Extremely rare offprint, the first appearance in print of the publication of Edwin Hall’s discovery of The Hall Effect, ‘termed by Kelvin as comparable with the greatest ever made by Michael Faraday’ (DSB). The Hall Effect occurs when an electric current is placed in a magnetic field, causing a potential difference and a transverse field is created. By measuring the potential one can calculate the strength of the magnetic field.



The current lot is the first published notice of Hall’s initial results from preliminary experiments undertaken while a graduate student working on his doctoral thesis.
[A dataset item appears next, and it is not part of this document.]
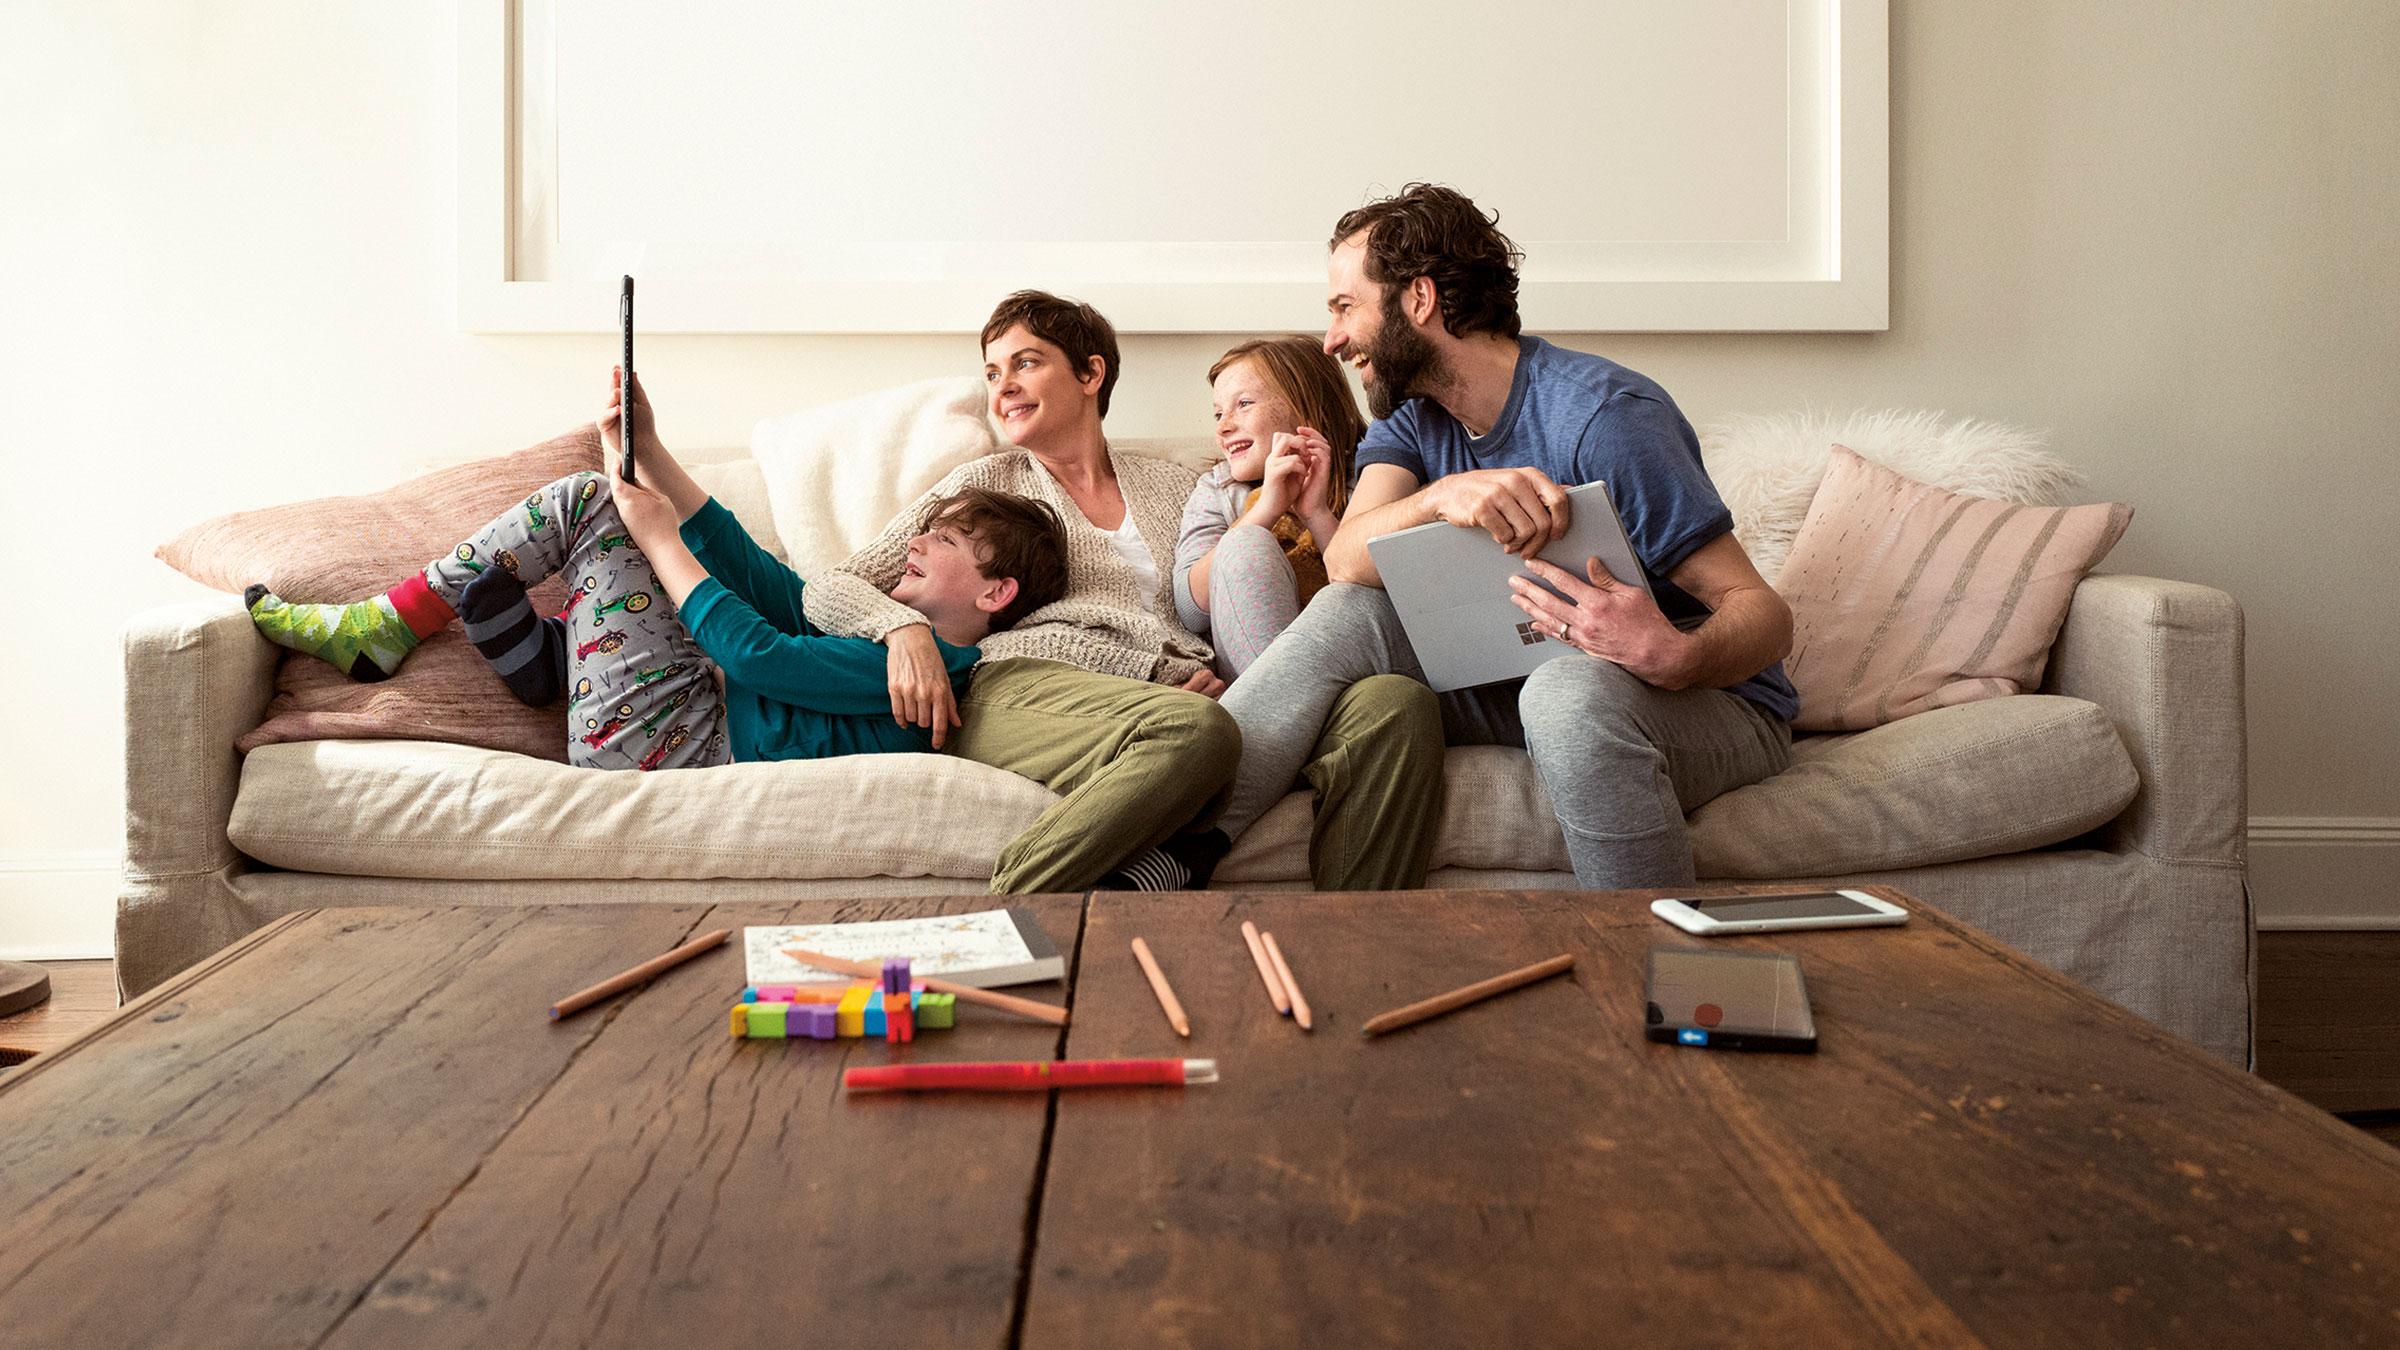 Famille réunie sur un divan autour d'un appareil Microsoft Surface Pro
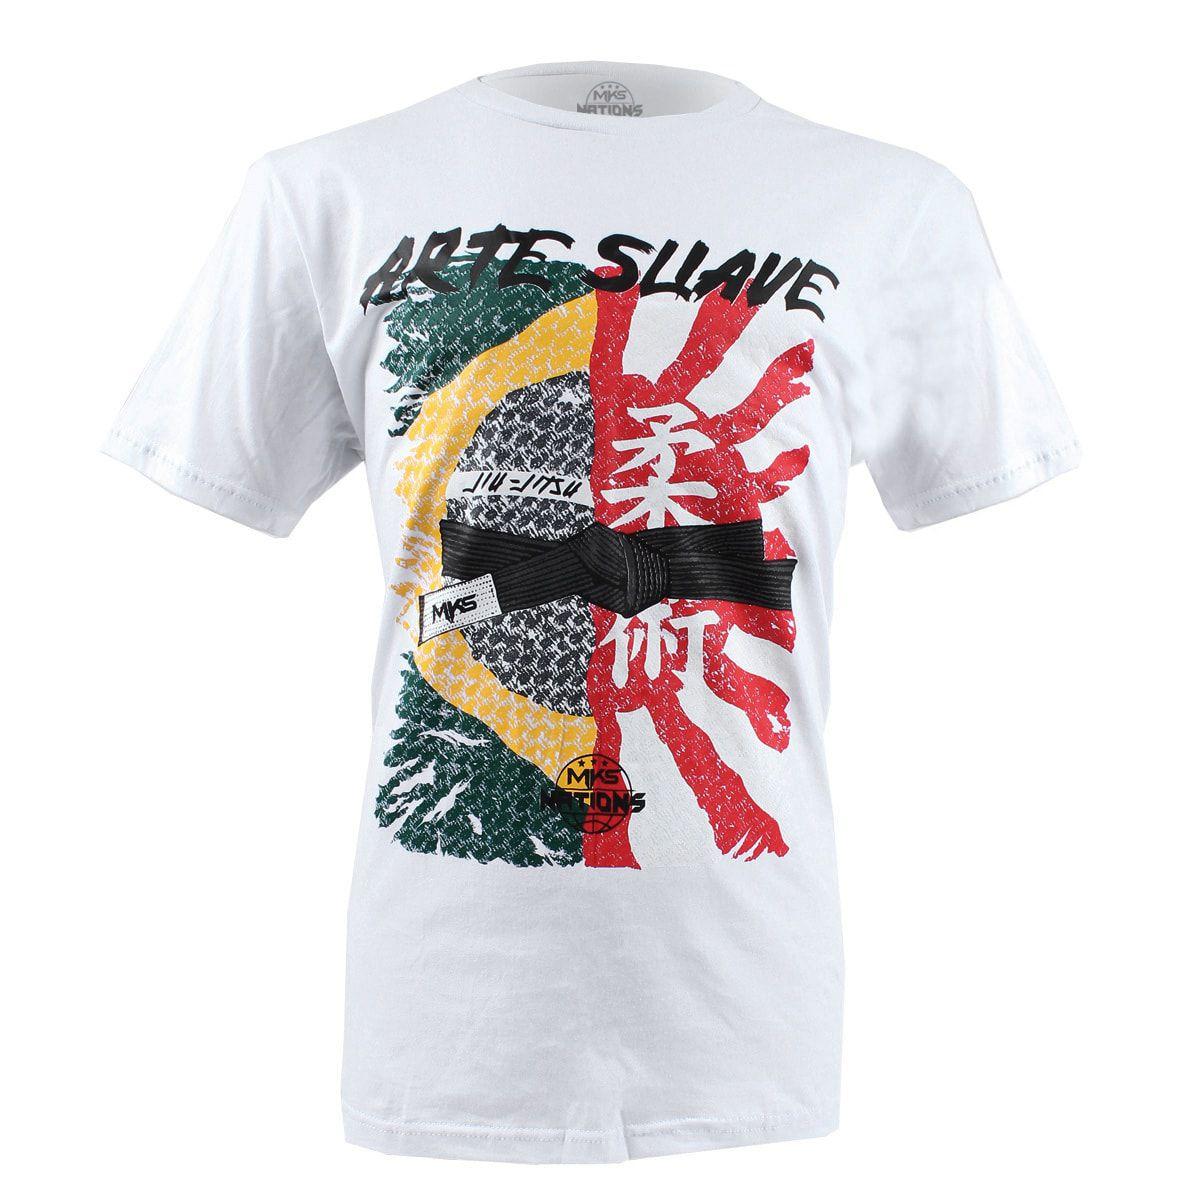 Camiseta MKS Nations Arte Suave - Branca

Hall opens his paper by noting that he questioned Maxwell's statement in his Treatise on Electricity and Magnetism: ‘It must be carefully remembered, that the mechanical force which urges a conductor carrying a current across lines of magnetic force, acts, not on the electric current, but on the conductor which carries it.’



In Halls’ opinion, ‘This statement seemed … to be contrary to the most natural supposition … taking into account the fact that a wire not bearing a current is in general not affected by a magnet and that a wire bearing a current is affected directly in proportion to the strength of the current'.



Consequently, Hall, began a series of experiments that would lead to the discovery of the effect that bears his name. Passing a current through a gold leaf conductor in a magnetic field, he found that he produced an electric potential perpendicular to both the current and field. Published some 15 years before George Johnstone Stoney’s description and naming of the electron, Hall’s paper has led to extremely important and wide-ranging applications in the 20th and 21st centuries. These include understanding the behaviour of semiconductors, and the deployment of Hall Effect sensors in current sensing and voltage sensing, motion sensors and motion limitation devices, engine management systems, anti-lock braking mechanisms, in joysticks used to control hydraulic values, and even the development of Hall Effect Thrusters in spacecraft. No offprints or other works by Hall have seemingly appeared at auction (RBH).



Quarto (307 x 238mm). 6pp., 287-292. Original wrappers (worn, upper wrapper detached, extremities frayed with short marginal tears and soiling, corners dogeared, small 20mm marginal chip at fore-edge, the whole loose and sometime folded with faint horizontal creasefold). Provenance: faint mathematical notation in pencil on rear wrapper, author’s name inscribed in pencil on upper wrapper).